Exhibit 4.2
FIRST SUPPLEMENTAL INDENTURE
FIRST SUPPLEMENTAL INDENTURE (this “First Supplemental Indenture”) dated as of November 1, 2025, among Qnity Electronics, Inc., a Delaware corporation (the “Company”), each Subsidiary of the Company listed on the signature pages hereto (collectively, the “U.S. Subsidiary Guarantors”) and U.S. BANK TRUST COMPANY, NATIONAL ASSOCIATION, a national banking association, as trustee (in such capacity, the “Trustee”) and as collateral agent (in such capacity, the “Notes Collateral Agent”) under this Indenture referred to below. Capitalized but undefined terms used herein shall have the meanings ascribed to them under the Indenture.
W I T N E S S E T H :
WHEREAS the Company, the Trustee and the Notes Collateral Agent entered into an Indenture (the “Indenture”) dated as of August 15, 2025, providing for the issuance of the Company’s 5.750% Senior Secured Notes due 2032 (the “Notes”);
WHEREAS Section 4.11 of this Indenture provides that under certain circumstances the Company is required to cause each U.S. Subsidiary Guarantor to execute and deliver to the Trustee a supplemental indenture pursuant to which such U.S. Subsidiary Guarantor shall unconditionally guarantee all the Company’s obligations under the Notes pursuant to a supplemental indenture on the terms and conditions set forth herein and in this Indenture;
WHEREAS pursuant to Section 9.01(a)(iv) of this Indenture, the Trustee, the Notes Collateral Agent and the Company are authorized to execute and deliver this First Supplemental Indenture; and
WHEREAS part of the Collateral securing the Notes consist of pledges over 100% of the Equity Interests issued by the Korean Pledgees by the Grantors;
NOW THEREFORE, in consideration of the foregoing and for other good and valuable consideration, the receipt of which is hereby acknowledged, each U.S. Subsidiary Guarantor, the Company, the Trustee and the Notes Collateral Agent mutually covenant and agree for the equal and ratable benefit of the Holders as follows:
1. Agreement to Guarantee. Each U.S. Subsidiary Guarantor hereby agrees, jointly and severally with all the existing Subsidiary Guarantors, to unconditionally guarantee the Company’s obligations under the Notes on the terms and subject to the conditions set forth in Article 10 of this Indenture and to be bound by all other applicable provisions of this Indenture and the Notes.
2. Parallel Liabilities.
(i) The Company, each Subsidiary Guarantor and each Grantor (each a “Notes Party” and together the “Notes Parties”) irrevocably and unconditionally undertakes to pay to the Notes Collateral Agent an amount equal to the aggregate amount of its Corresponding Liabilities (as these may exist from time to time).

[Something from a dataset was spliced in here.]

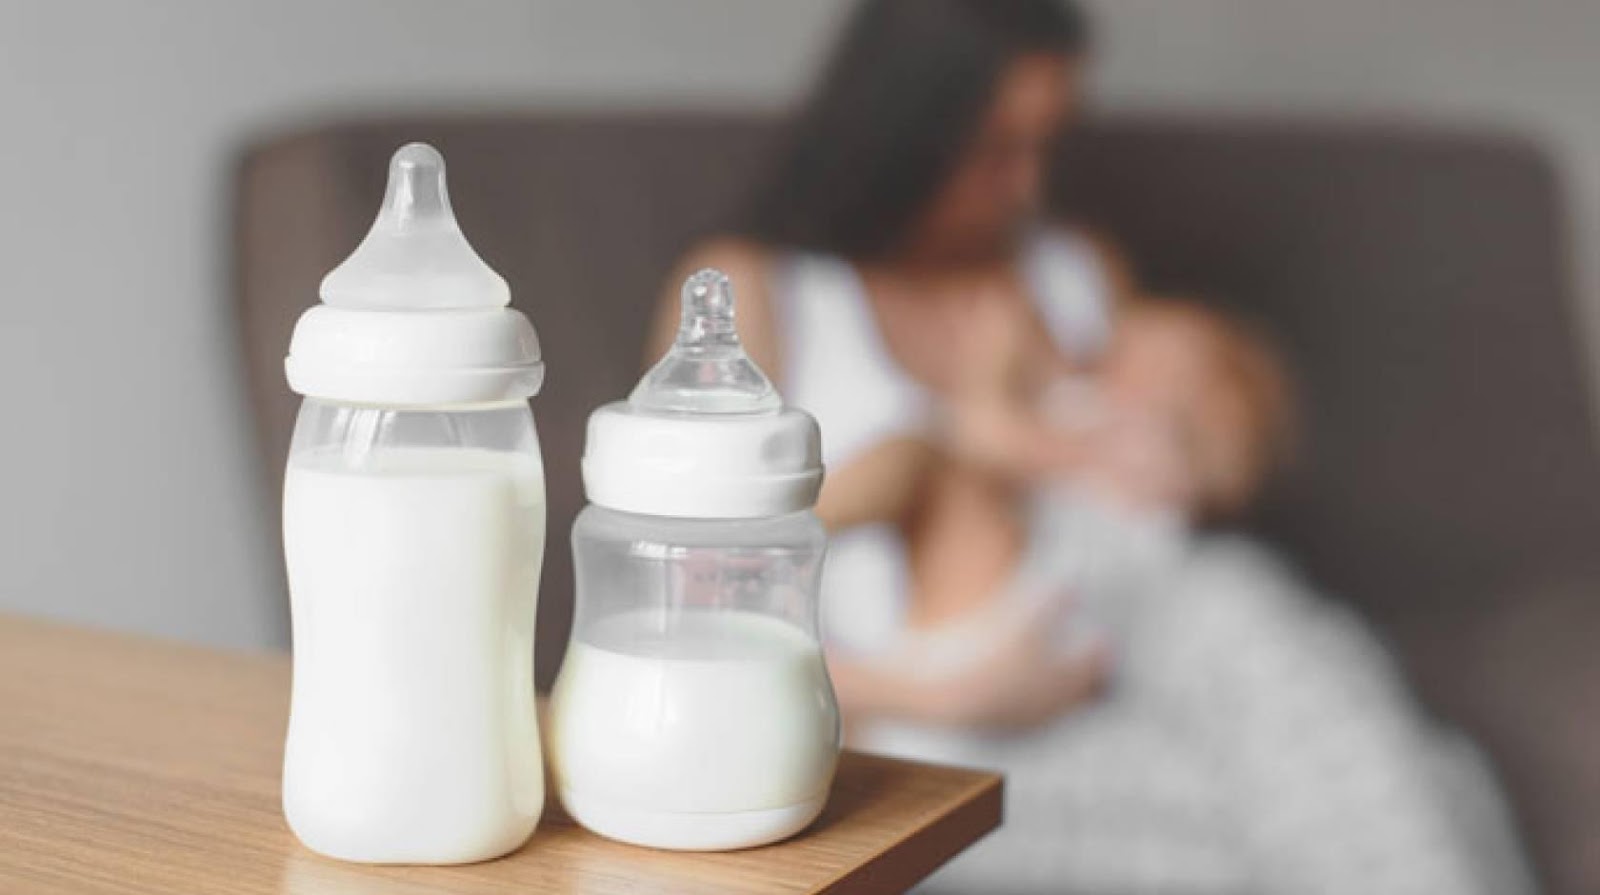 Human breast milk may help babies tell time via circadian signals from mom  | University of California
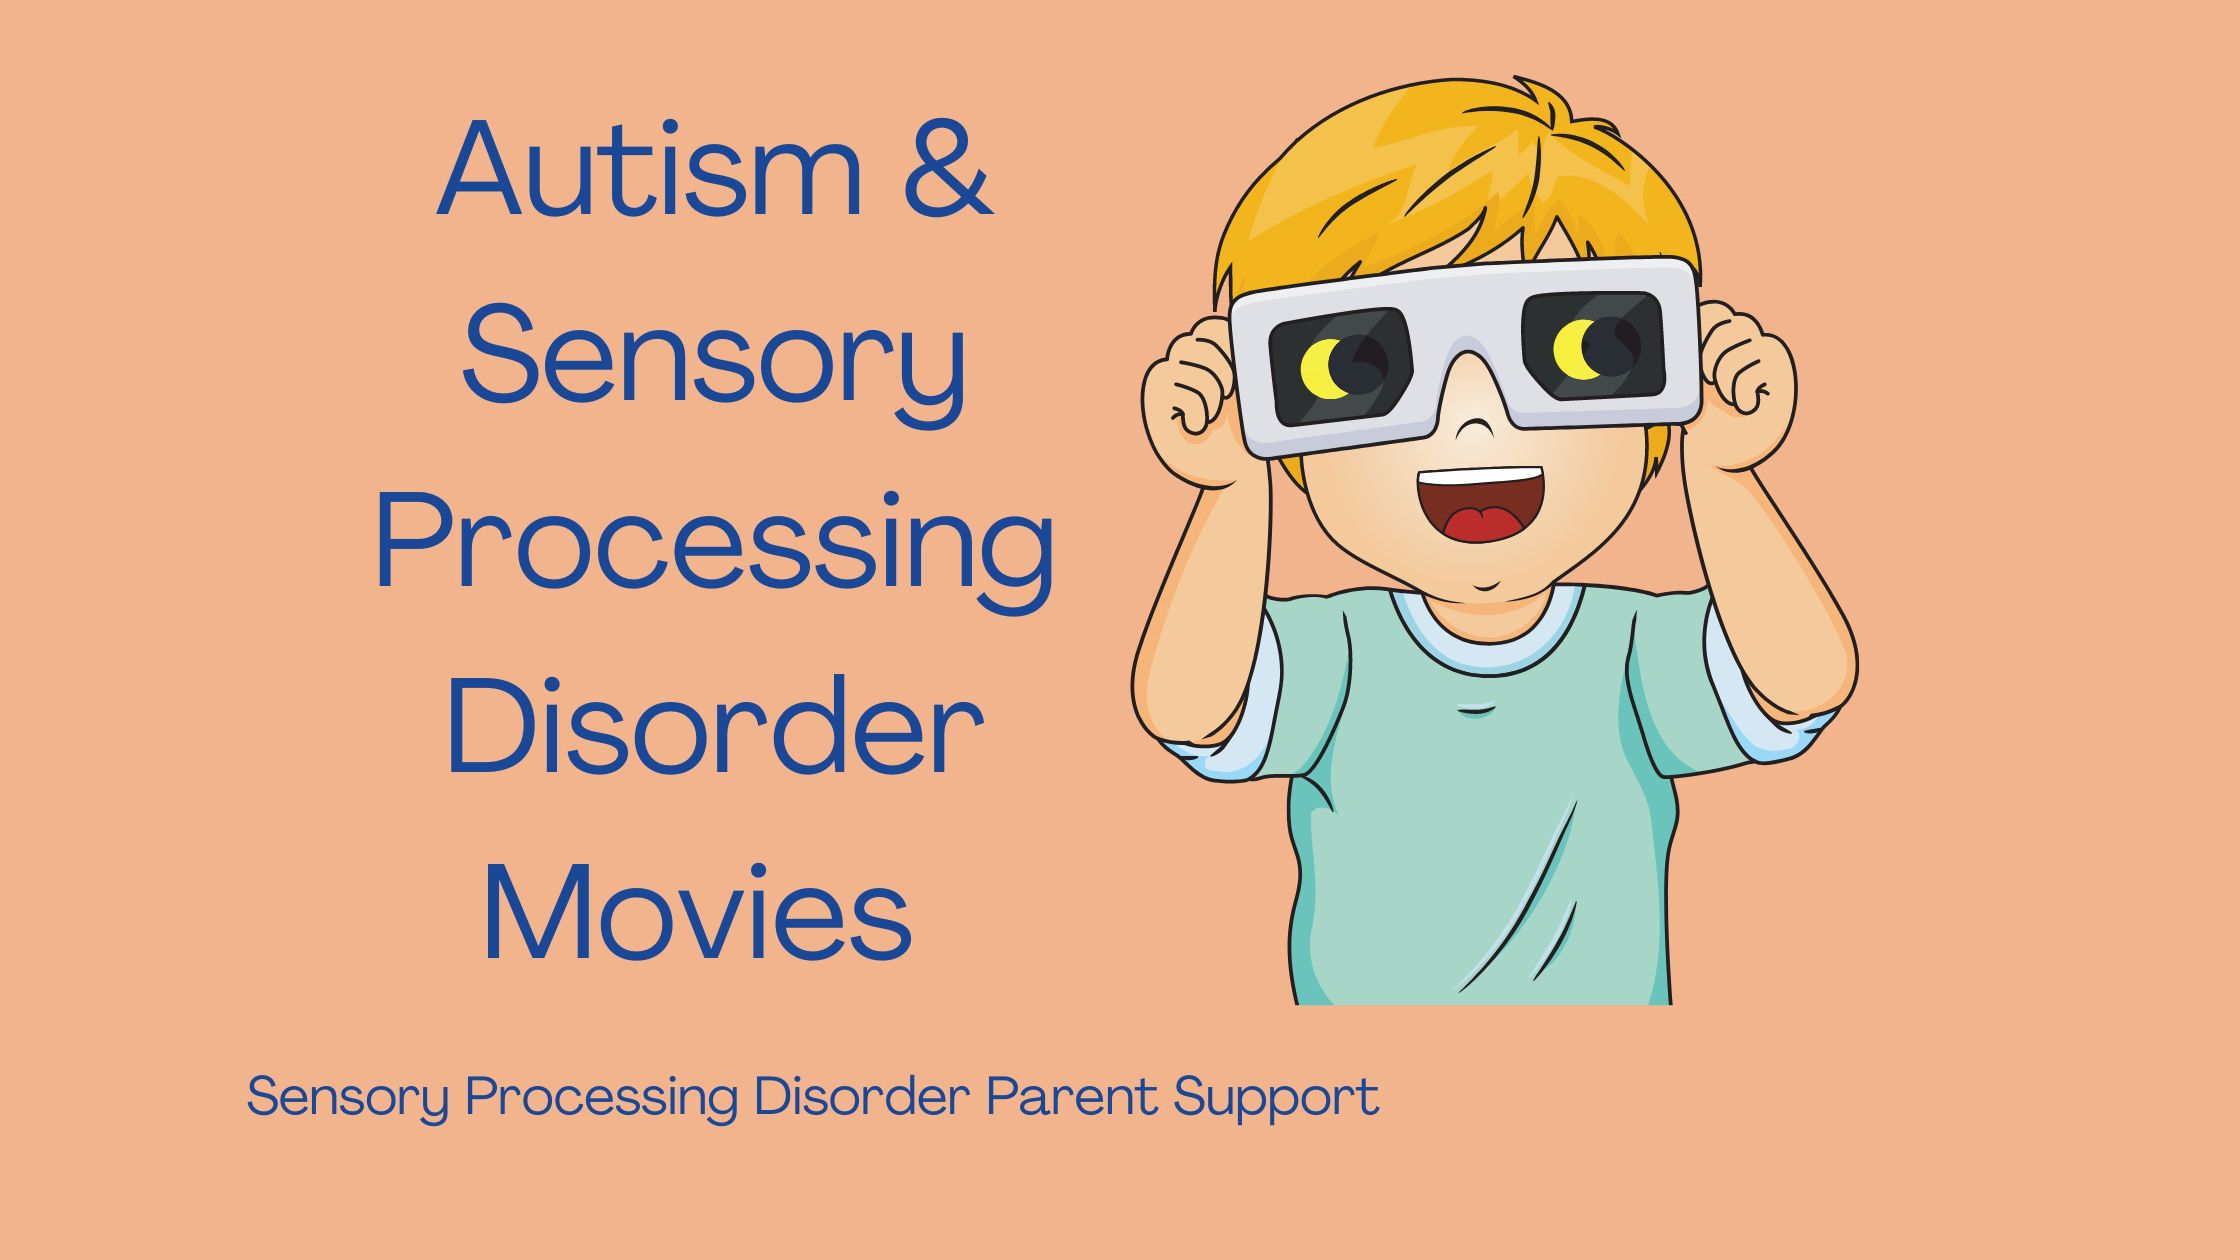 an autistic child who has sensory processing disorder wearing 3D glasses watching a movie about SPD and autism. Autism & Sensory Processing Disorder Movies

(ii) The Notes Secured Parties and each Notes Party agree that: (i) each Notes Party’s Parallel Liability is due and payable at the same time, in the same amount and in the same currency as its Corresponding Liabilities; (ii) each Notes Party’s Parallel Liability is decreased to the extent that its Corresponding Liabilities have been irrevocably paid or discharged and its Corresponding Liabilities are decreased to the extent that its Parallel Liability has been irrevocably paid or discharged; (iii) each Notes Party’s Parallel Liability is independent and separate from, and without prejudice to, its Corresponding Liabilities, and constitutes a single obligation of a Notes Party to the Notes Collateral Agent (even though such Notes Party may owe more than one Corresponding Liability to the Notes Secured Parties under this Indenture, the Security Documents, and the Intercreditor Agreements) and an independent and separate claim of the Notes Collateral Agent, to receive payment of that Parallel Liability (in its capacity as the independent and separate creditor of that Parallel Liability and not as a co-creditor in respect of the Corresponding Liabilities); and (iv) for purposes under this Section 2, U.S. BANK TRUST COMPANY, NATIONAL ASSOCIATION, in its capacity as Notes Collateral Agent, acts in its own name and not as agent, representative or trustee of the Notes Secured Parties and accordingly holds neither its claim resulting from a Parallel Liability nor any securing a Parallel Liability on trust.
As used herein,
“Parallel Liability” means a Notes Party’s undertaking pursuant to this Section 2, which shall in no event exceed such Notes Party’s Corresponding Liability.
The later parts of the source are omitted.